Filmed at The Broad on February 5, 2020 during Allegories of Flight, artist and Black Lives Matter co-founder Patrisse Cullors's specially commissioned performance Prayer to the Iyami touches on themes of resistance, healing, metaphor, and mysticism found in The Broad’s special exhibition, Shirin Neshat: I Will Greet the Sun Again (October 19, 2019–February 16, 2020).
Prayer to the Iyami is a love letter to Los Angeles and, most importantly, a loving prayer for Patrisse Cullors's brother, Monte. James Baldwin is heard speaking of the American Negro crisis, and Cullors reads the Yes on R ballot measure she initiated to reform L.A. jails. Wings made from her brother Monte’s used clothes are a symbol of the artist’s 20-year fight to keep her sibling free from incarceration and abuse. Bearing the weight of the wings, Cullors leads witnesses to an 8-foot nest which she adorns with Monte’s clothing.

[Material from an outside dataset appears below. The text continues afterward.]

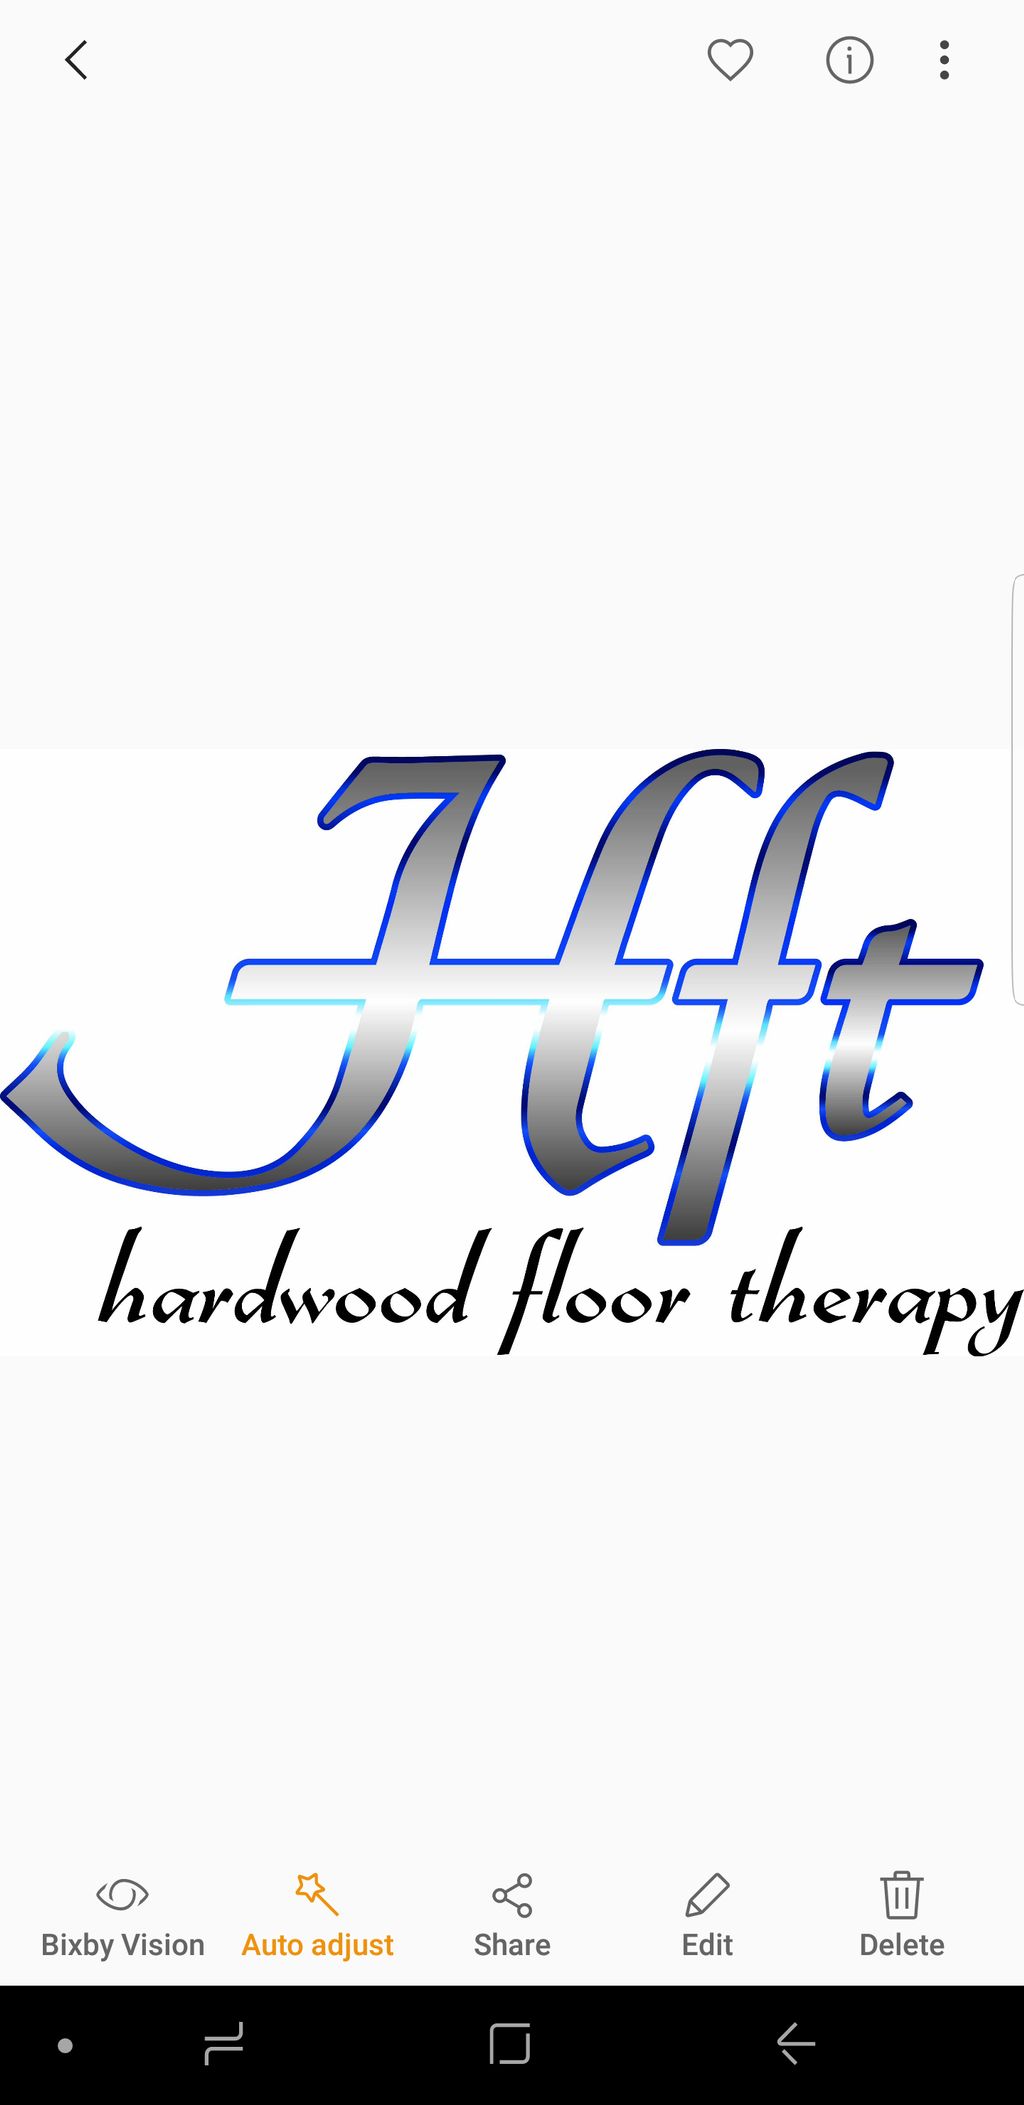 Hardwood Floor Therapy LLC

Patrisse Khan-Cullors is an artist, organizer, and freedom fighter from Los Angeles, CA. Co-founder of the Black Lives Matter Global Network and founder of the Los Angeles-based grassroots organization Dignity and Power Now, she is also a performance artist, Fulbright scholar, popular public speaker, and a Sydney Peace Prize recipient. For 20 years, Patrisse has been on the frontlines of criminal justice reform and is the founder/chair of a Los Angeles County Ballot committee, Yes on R, which will be on the March 2020 California presidential primary. Patrisse is currently the Faculty Director of Arizona’s Prescott College new Social and Environmental Arts Practice MFA program, which she developed nesting a curriculum focused on the intersection of art, social justice, and community organizing that is first of its kind in the nation. Cullors has exhibited widely across Los Angeles and the United States, from traditional arts institutions to public spaces. Click here for Patrisse Cullors’s full biography.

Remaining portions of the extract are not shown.